We've talked about Vibes Vision & Values a lot, but the irreducible opener is the distillation of everything in your VVV which allows your prospect (if they are listening closely) to learn almost everything they need to know about you in one or two sentences.

An Irreducible Opener is the first real sentence out of your mouth on a discovery call that would be a lie if said by any other agency on earth.

That's a pretty simple test, right? Imagine another agency that you know saying the same thing. If the sentence still works, it’s not yours. If someone else can say it authentically, well, and with the same conviction, you don’t have an ownable idea - you have a “best practice” adorned with your logo.

There's another part to the test, and this one is more subtle. The irreducible opener has to be powerful enough that the people who hear it are either attracted to you or repelled by you. When you are articulating your experience, your point of view, your vision, and your way of thinking effectively, it's a positive or a negative. The people who share your vibes, vision, and values should lean in, and everybody else should lean out.

In order to be irreducible, on some level, the way you start the meaningful part of the conversation has to be strong enough that there is some risk involved

I know we've talked about this before, but if your sales process isn’t congruous with your VVV, you are F-U-C-K-E-D, and you definitely earn the YAFA moniker.
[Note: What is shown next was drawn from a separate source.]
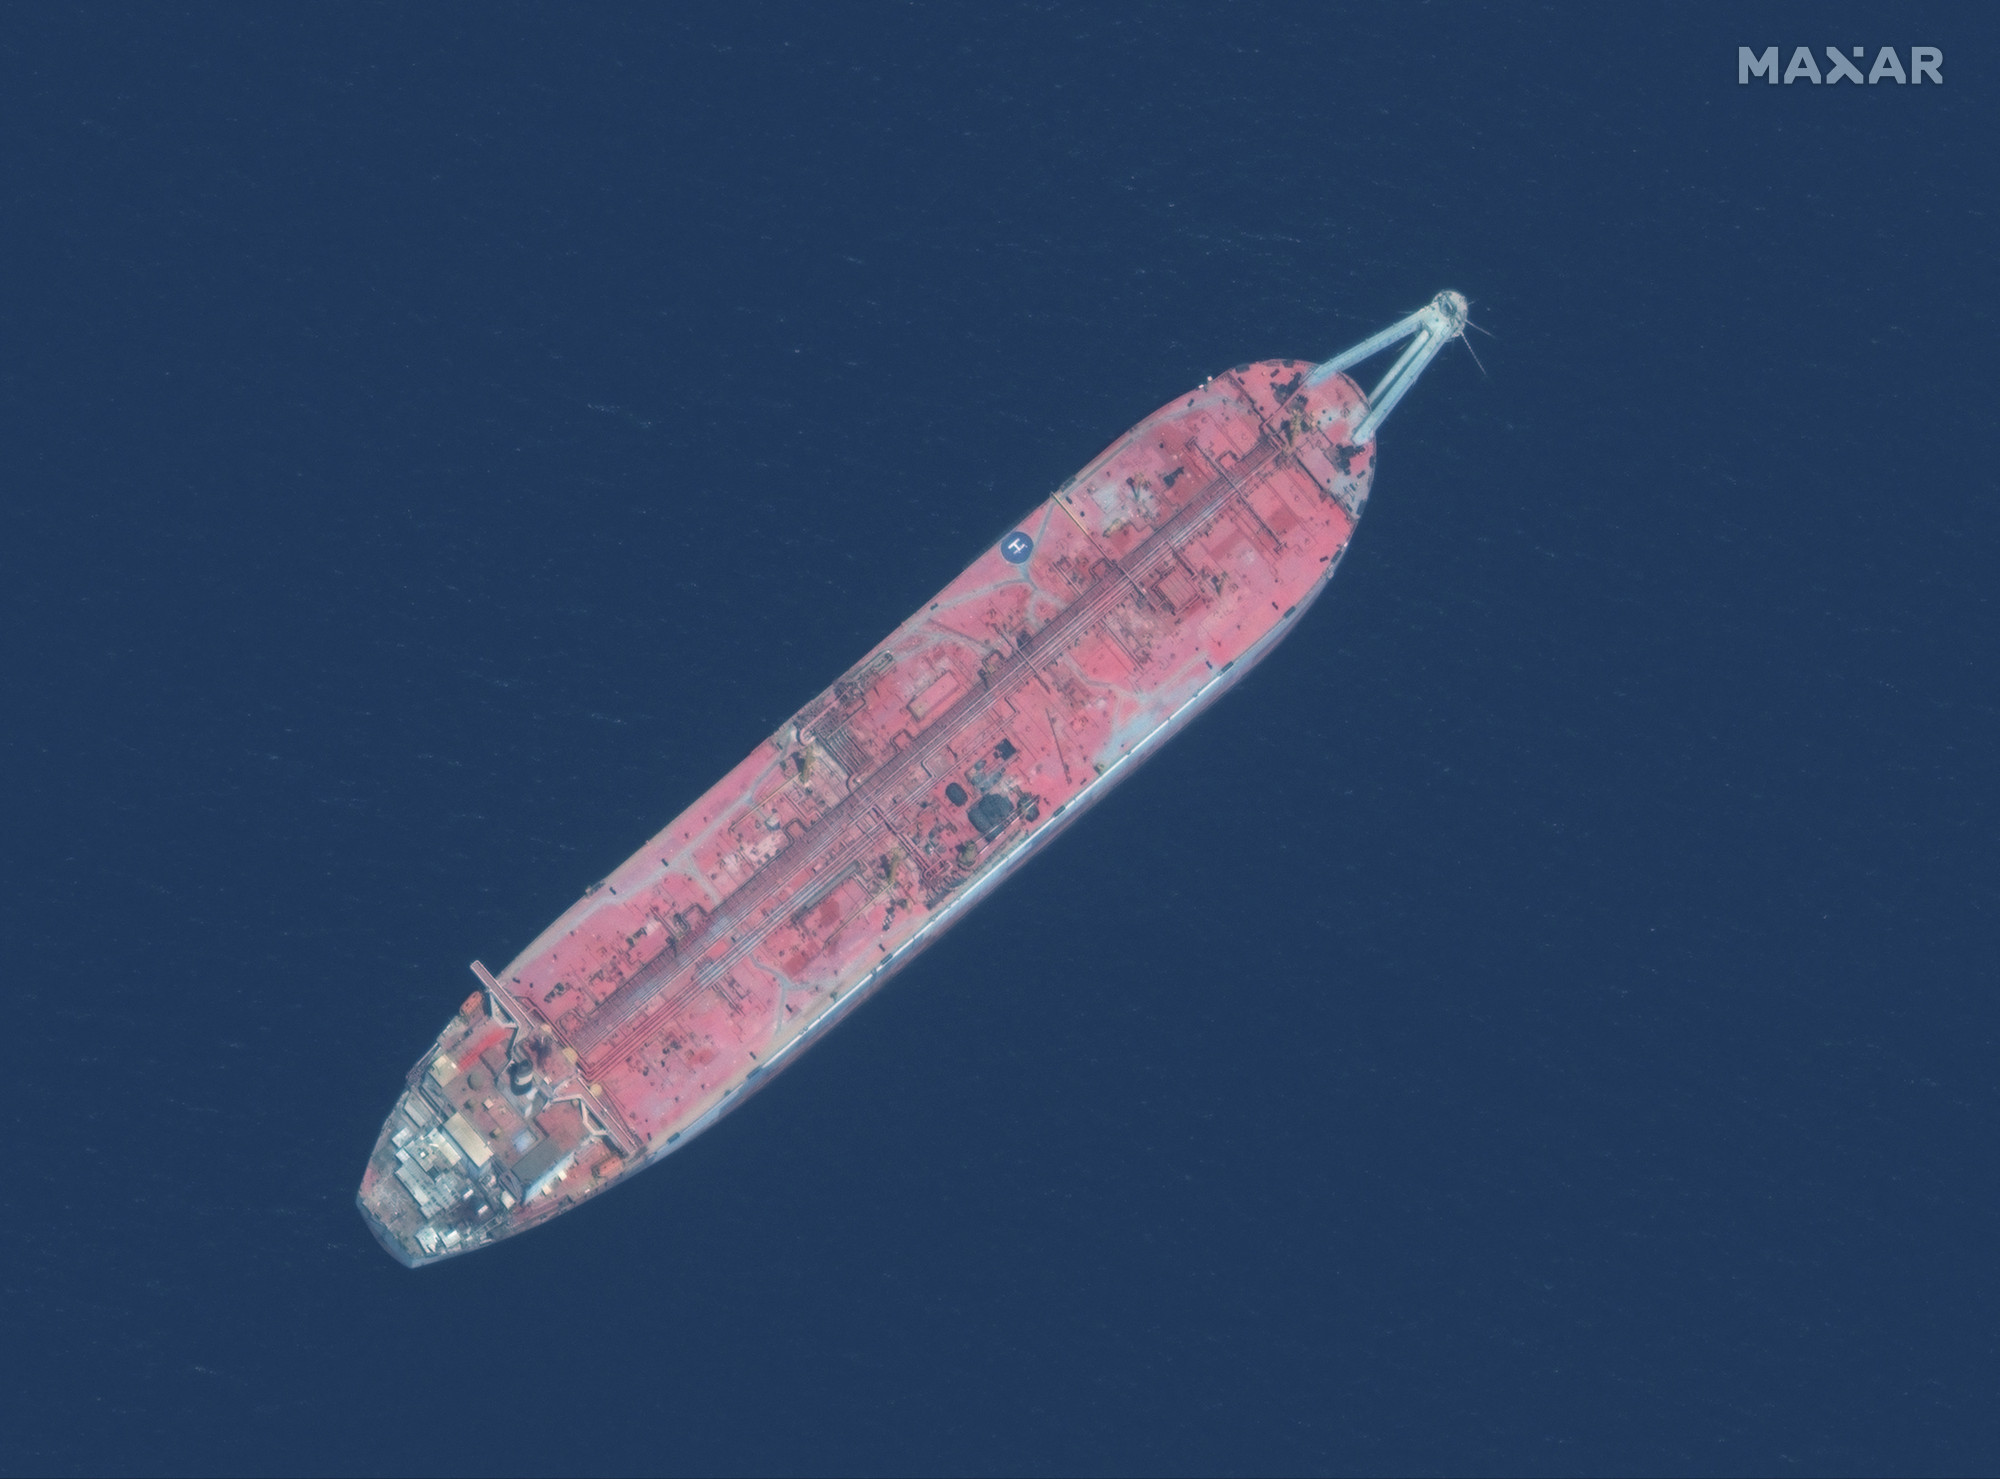 Bármikor széteshet egy hajó a Vörös-tengeren kétszáz millió liternyi nyersolajjal a fedélzetén

Some Irreducible Opener Ideas

A few issues ago, I introduced the idea of GTM themes (weird, insight, results, safe). This is probably a good way to get you to contextualize your idea and your go-to-market feeling with some kind of irreducible opener. here are some ideas so you get the flavor of this. Please don't copy them, because then you fail the irreducible idea test, and that is the exact opposite of what we want:

WEIRD Opener: "Before we go any further, I should warn you that the way we work is going to sound wrong for the first ten minutes. If it still sounds wrong at minute eleven, I’ll tell you who to call instead."

INSIGHT Opener: "I’ve been poring over your previous campaign creative. Two choices look deliberate, three look like leftover decisions from a previous strategy, and one is totally baffling. Can we start there?"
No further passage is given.